The McGuinty government must end its support for for-profit companies to build and operate new hospitals, says Michael Hurley, President of the Ontario Council of Hospital Unions (OCHU), a council of the Canadian Union of Public Employees (CUPE). Nobody but the private consortia wins in a P3 boondoggle.
The finding about support services is contained in the Ontario Auditor General’s 2008 annual report, which also found that the cost to build the Brampton hospital increased the total costs by at least $194 million extra (in 2003 dollars). This does not include another $107 million in higher P3 financing costs.

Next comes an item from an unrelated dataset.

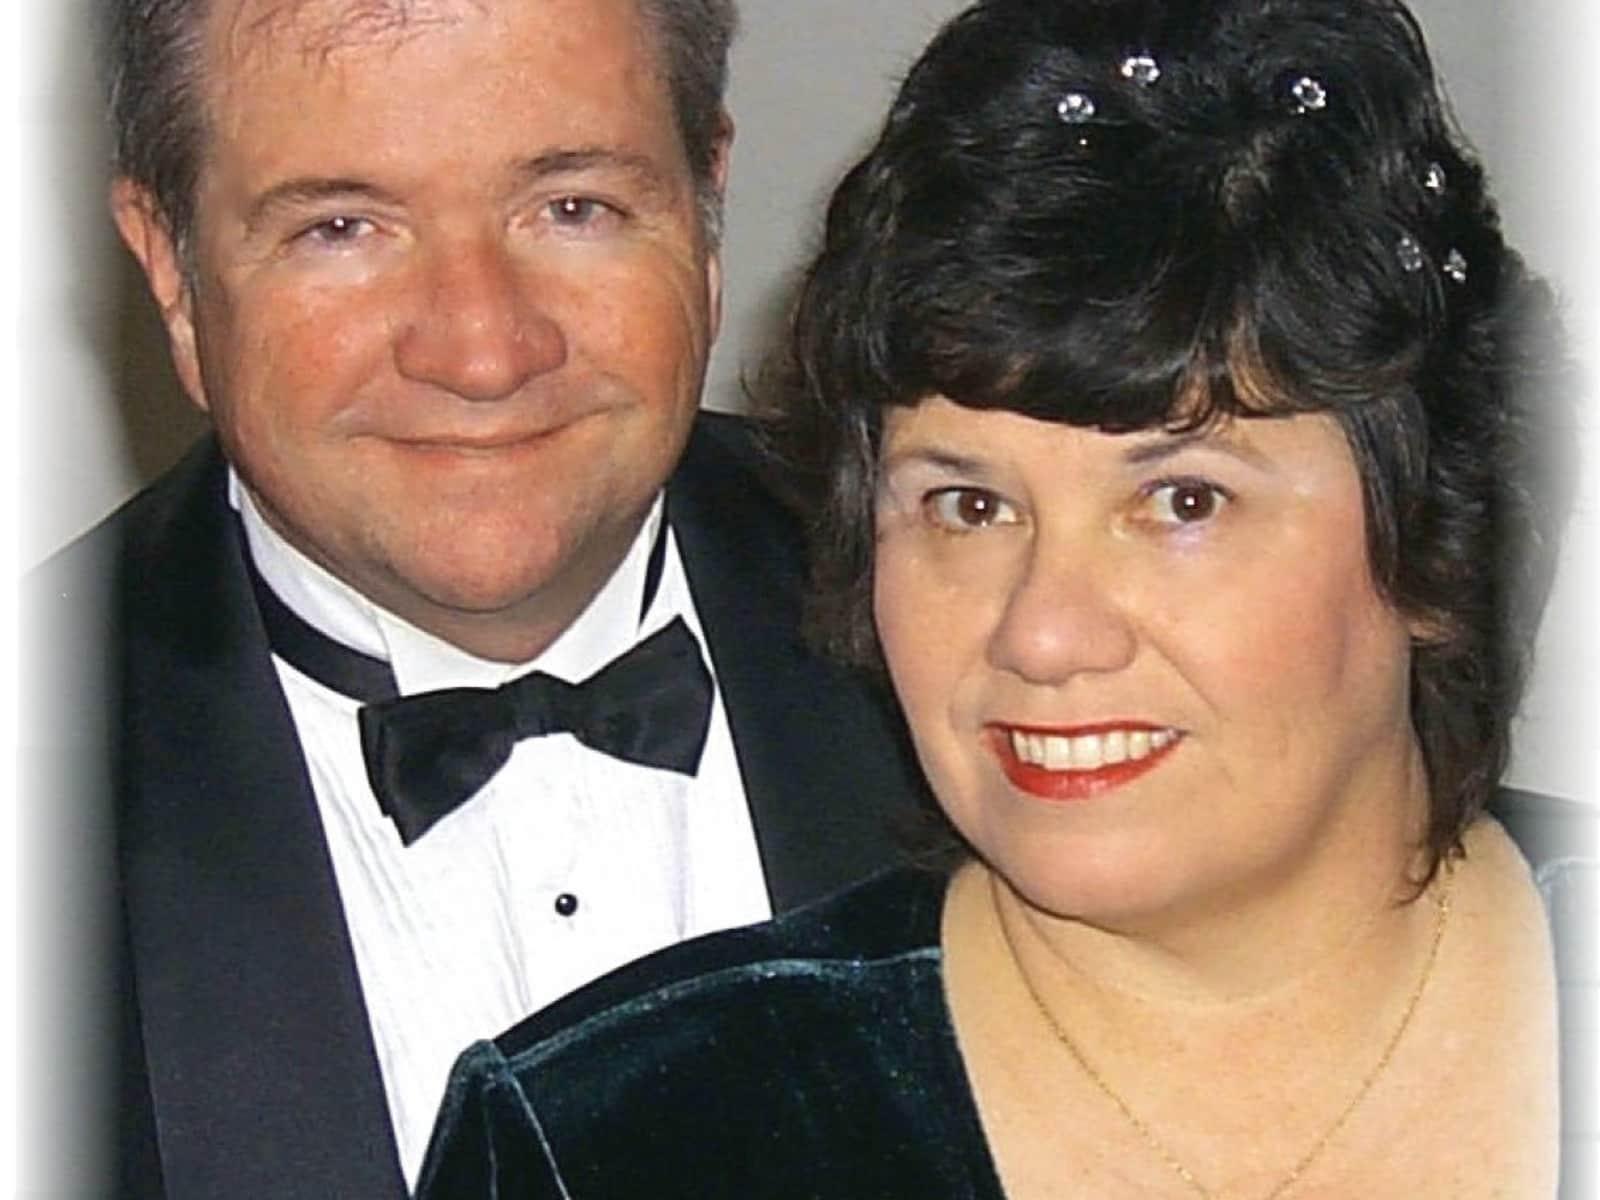 Linda & David from Murrieta, California, United States
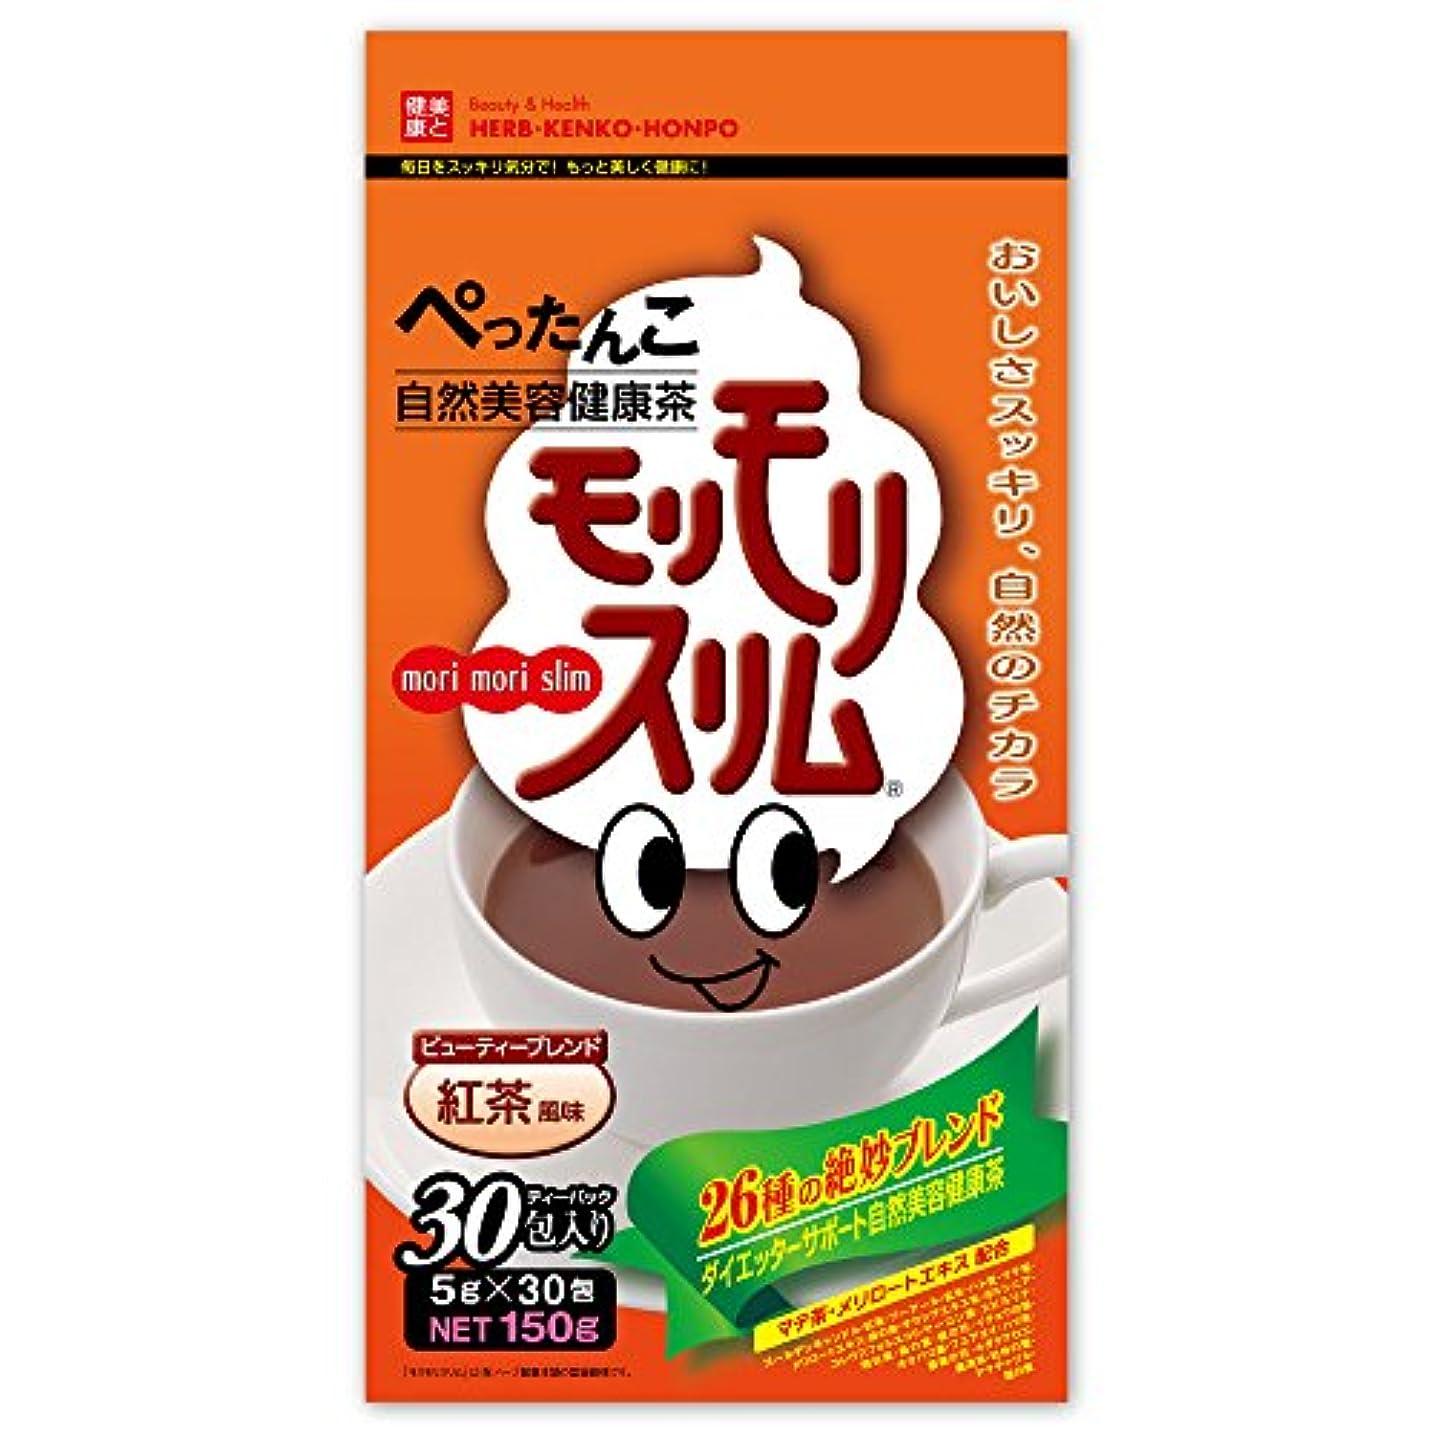 エピソードコマンドおびえたハーブ健康本舗 モリモリスリム(紅茶風味) (30包)

Many non-clinical services were privatized in the Brampton P3, including laundry, housekeeping, portering, patient and non-patient food services, materials management, security, plant operations, and maintenance. The AG’s report indicated that the cost for the hospital to supply non-clinical services was overstated by the Hospital in its value for money comparison by $245 million (in 2003 dollars).
As a result, public sector non-clinical costs would have been $58 million less (in 2003 dollars) than the P3 privatized provision of non-clinical services. In addition, for unexplained reasons, the hospital estimated public sector non-clinical costs higher than the average of ten other benchmark hospitals. If the average was applied, public sector costs would have been a further $42 million less.
The Auditor General’s finding validates what critics of P3s have said for years, Hurley says. Contracting out publicly delivered hospital services to for-profit companies hikes up costs and lowers quality. Staff turnover, lower training standards and the need to maintain profit margins make commercialized support services a bad idea for patients and for communities.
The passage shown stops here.